PACE & PRIORITY: Decoding the DISC Style

Posted by Bill Harshman on

PACE & PRIORITY:  Decoding the DISC Style - 

Before we begin, let’s remember the rules:  There is no perfect style (or combination of styles) AND everybody has some degree of all 4 styles: Dominant, Influence, Steadiness, Conscientiousness.  This becomes especially relevant in our discussion today – Decoding the DISC Style.

               

Our recent focus on PACE & PRIORITY is key to decoding one’s DISC style.  This helpful perspective is meant to be used in conjunction with the research-based DISC instrument from this website.  It is an aid in navigating the world of needs, preferences, and priorities throughout your personal and professional life.  We know we can understand someone at a high level based upon our knowledge of their PACE & PRIORITY.  However, there are also indicators demonstrated through their behavior that give us deeper, closer insight to their style. 

Suppose we are not able to identify their PACE & PRIORITY.  Do people demonstrate behaviors that can still help us?  YES!  For example, when you see an email written in extremely brief tone/language and right to the point, we see a style that is purposeful, brief, and more notifying than friendly.  Based on your knowledge of the DISC model above, you might begin to surmise you are dealing with a D.  If, on the other hand, the email is filled with a happy tone, very social, font change, emoticons, exclamation marks, and is filled with how much fun the particular meeting will be, you are likely dealing with more of an I.  Now, these assumptions always need confirmation; however, suffice to say that responding to the D’s email – for example - with a lofty, rambling email that fails to get to the point will likely fall on blind eyes and not be read.  I won’t bother continuing with the C or the S, however, based upon previous blogs, you are probably able to understand how those respective styles would construct an email (S being friendly, methodical, and productive and the C being more formal, detailed, serious).  Here is a favorite activity of mine when discussing style around the topic of “grabbing lunch.”
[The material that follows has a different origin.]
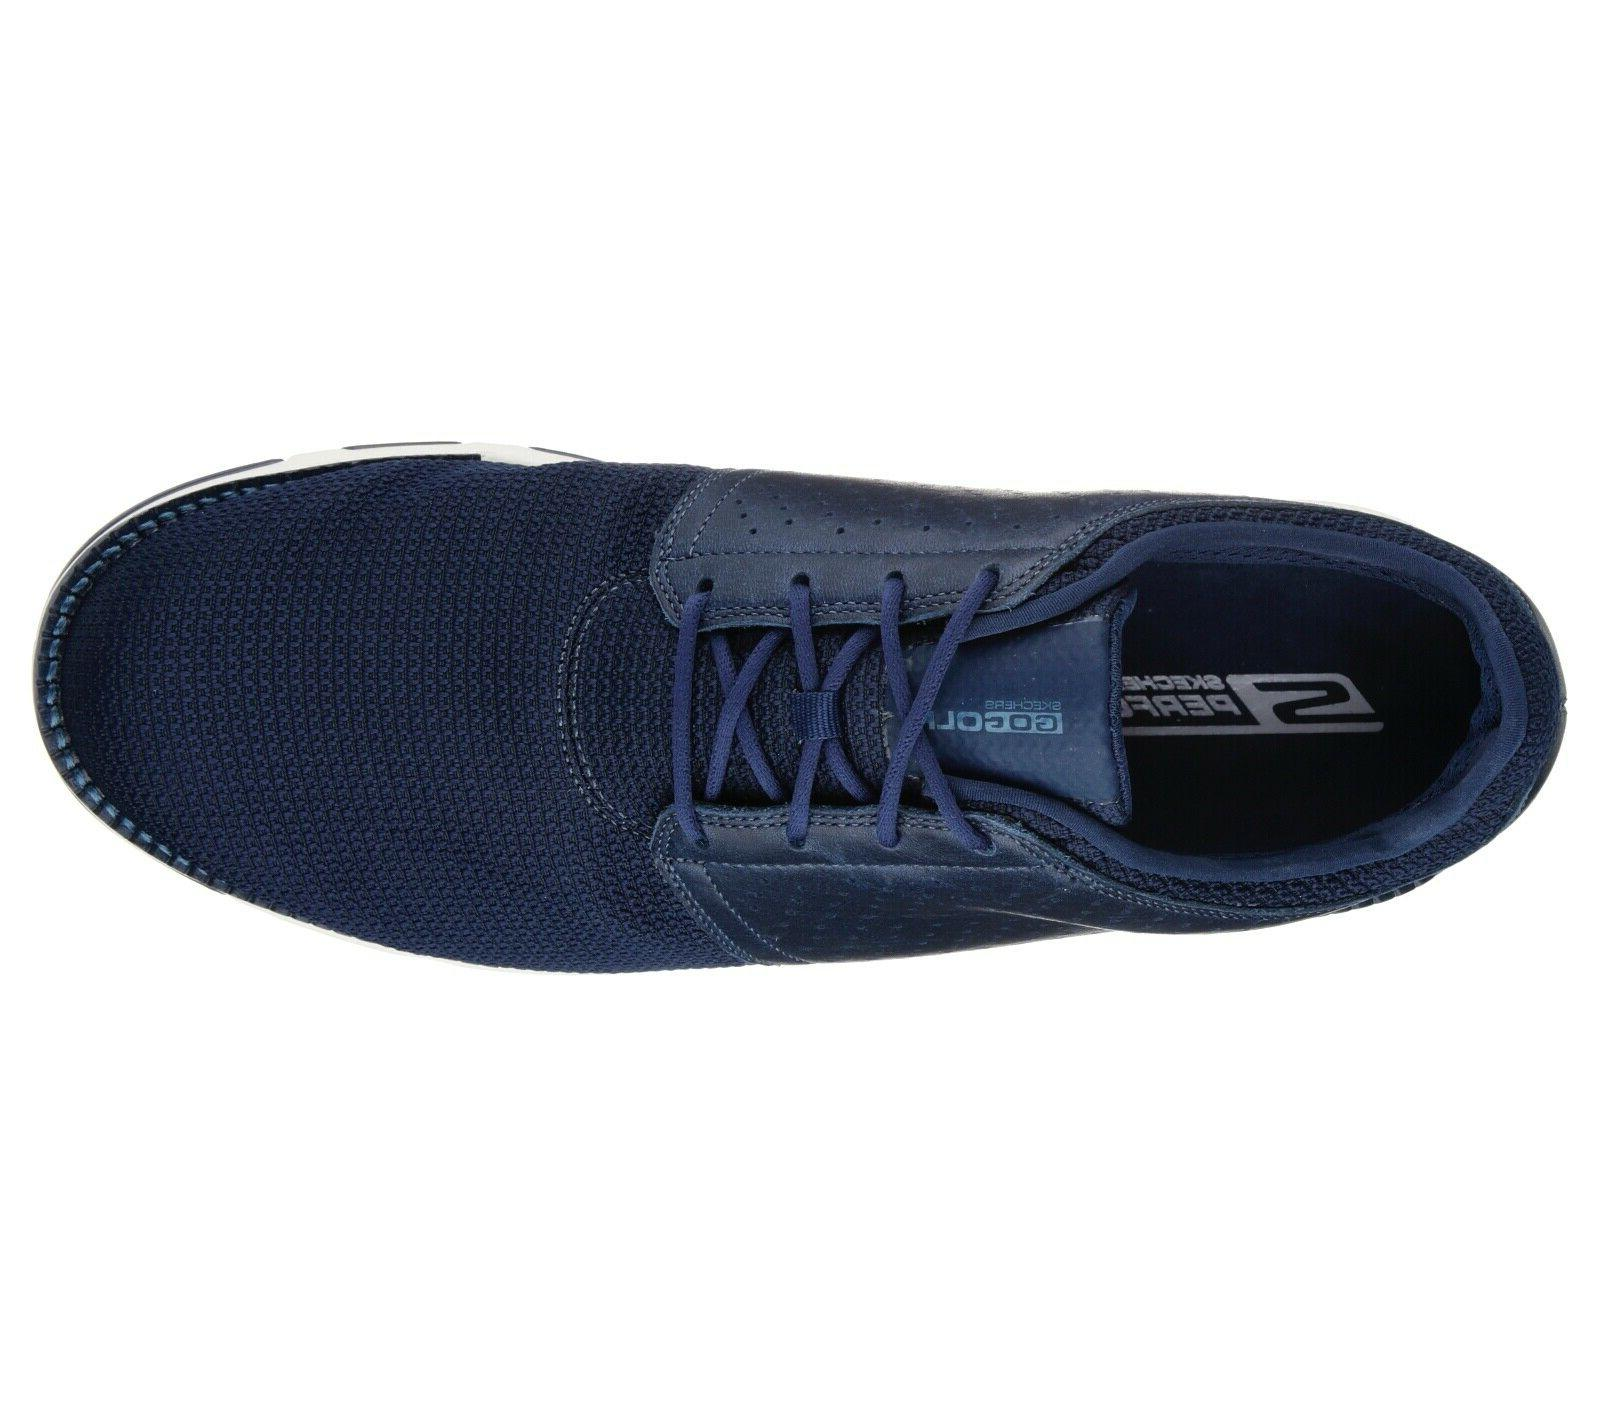 Skechers Golf V.3 Shoes-Style 54522-NVY

A “D” might suggest you jump in the car and decide on the way.

An “I” might describe their morning, then explain what cravings they have, then suggest you take their new car, and then will swing by another coworkers’ desk on the way out of the office to see if they want to join also.

An “S” might sound like this:  “Hello Sarah, how are you today?  I was considering where we could go to lunch.  Do you have a minute?  I’ve got a couple suggestions to run by you.”

And a “C” might call ahead to confirm the restaurant is open, check the menu online ahead of time to estimate how much they can/will spend, and even check the Yelp reviews to see others’ opinions of the restaurant.

Hopefully, these somewhat humorous examples will demonstrate the 4 different approaches which can help you begin to identify the individual styles.

Here’s a quick summary of the most common behaviors of each style:

D’s tend to be direct and straight to the point, seeking control and results.

I’s tend to be more spontaneous and social, seeking participation and playfulness.

S’s tend to be deliberate while relaxed, seeking acceptance and cooperation.

C’s tend to be deliberate and detailed, seeking accuracy and quality.

As ALWAYS, the key to effectiveness through DISC is understanding your and others’ styles, then using that knowledge for improved interactions.